September 18, 2012

sweet and sour

The summer season is winding down and while I'm anticipating all the delicious fall flavours that are going to popularize every treat menu (i.e. pumpkin), I want to hold on to sunshine and flip flops for as long as possible. Citrus epitomizes summer fresh and makes the perfect, refreshing flavour for any treat.

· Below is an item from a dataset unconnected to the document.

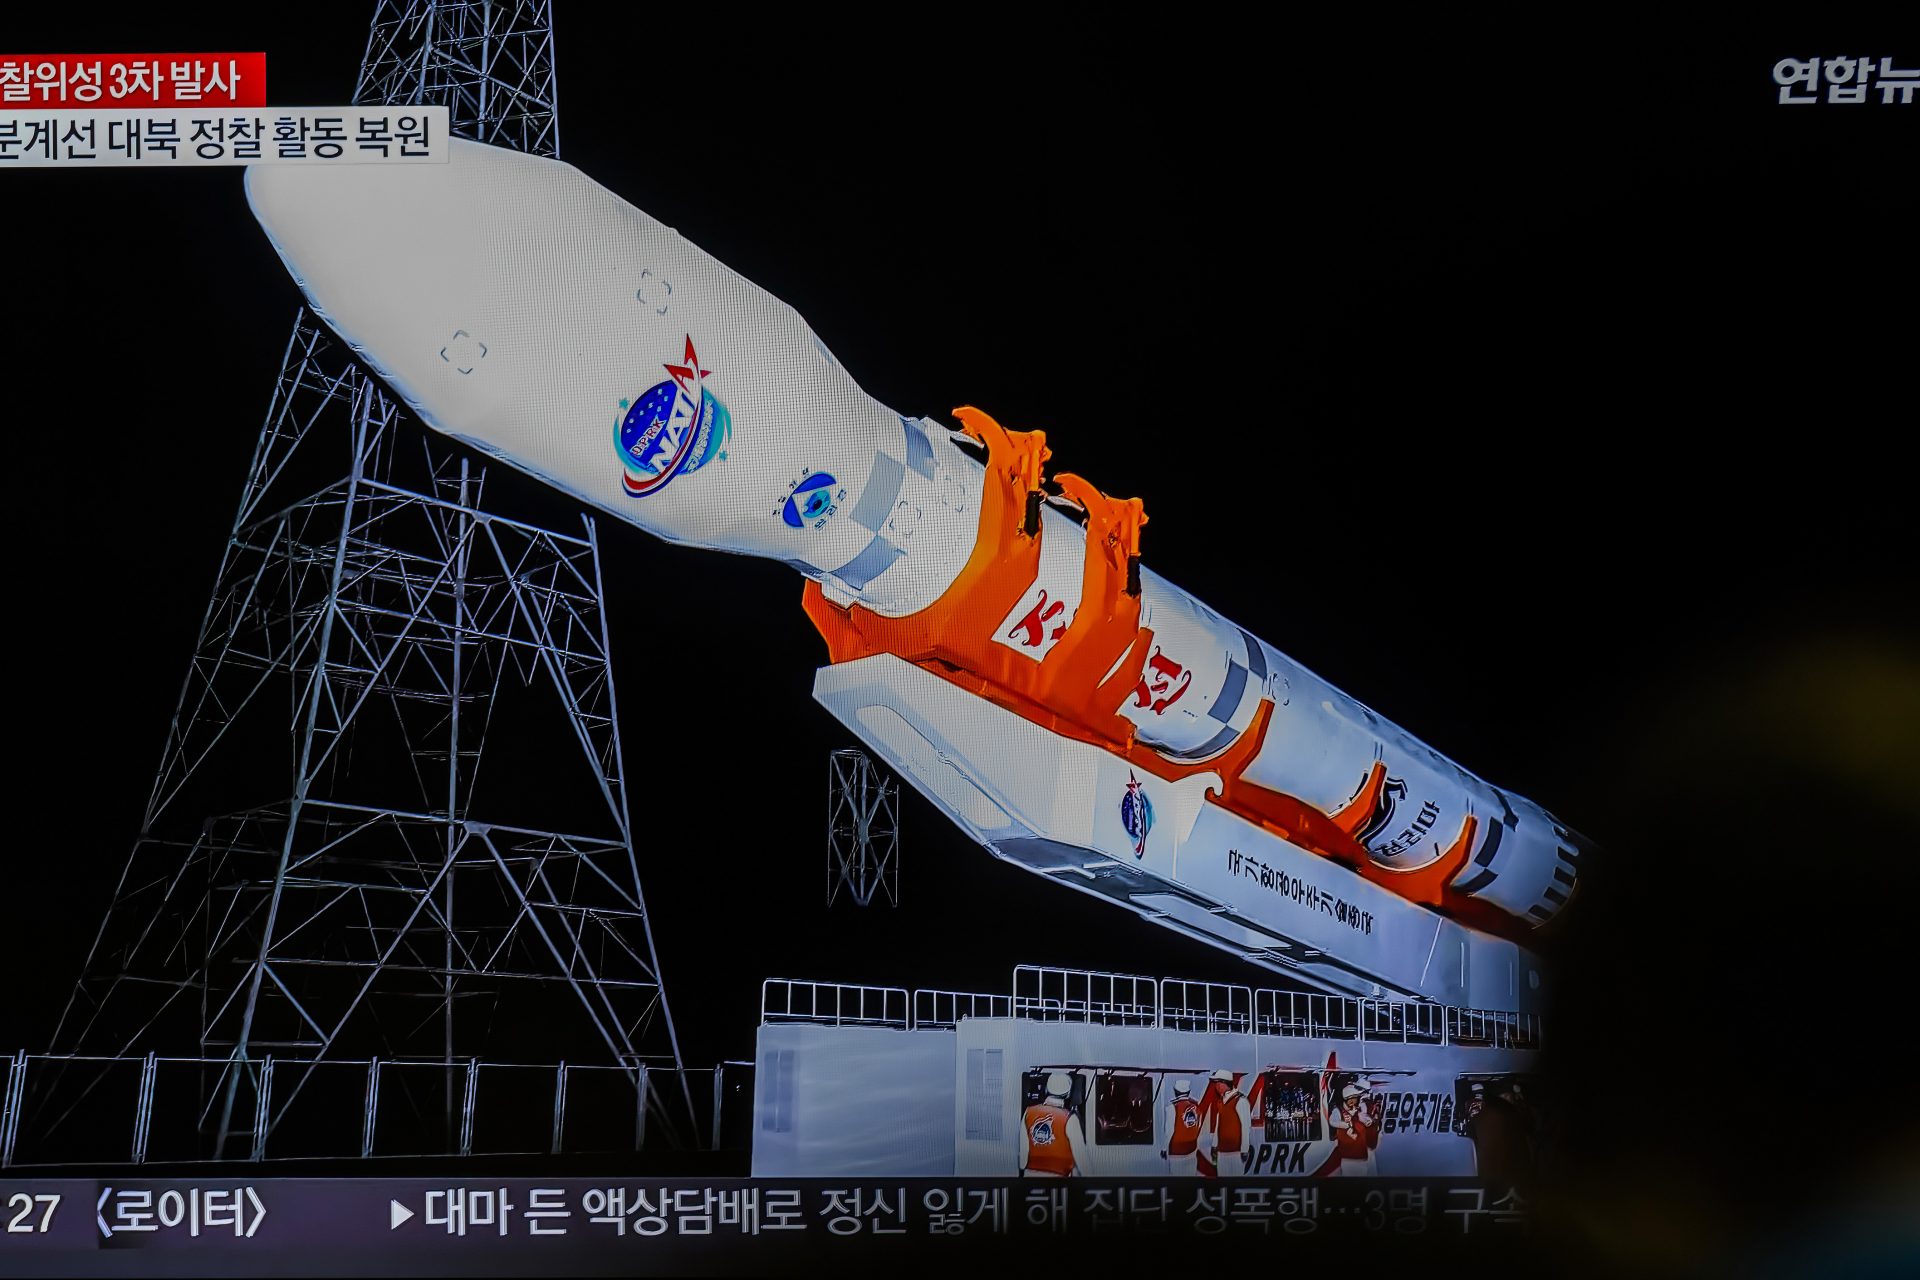 La Corée du Nord vient de lancer un nouveau satellite espion dans l'espace

This was also a great opportunity to showcase some new macaron fillings; typically, macarons are filled with ganache, buttercream or a jam; I found a great recipe for lemon curd that can be adapted for any citrus fruit. Thus, a trifecta of lemon, lime and grapefruit citrus curd macarons was born.

Citrus curd filling:
recipe yields 1 cup

1/2 cup sugar
1/2 cup citrus juice
2 eggs
2 egg whites
5 tbsp butter
1/4 cup zest
2 tbsp corn starch

In a double boiler, combine sugar, citrus juice, egg whites and eggs and whisk together until mixture thickens (10 minutes). Remove from heat, stir in butter, zest and corn starch. Cover and refrigerate until set (4 hours). 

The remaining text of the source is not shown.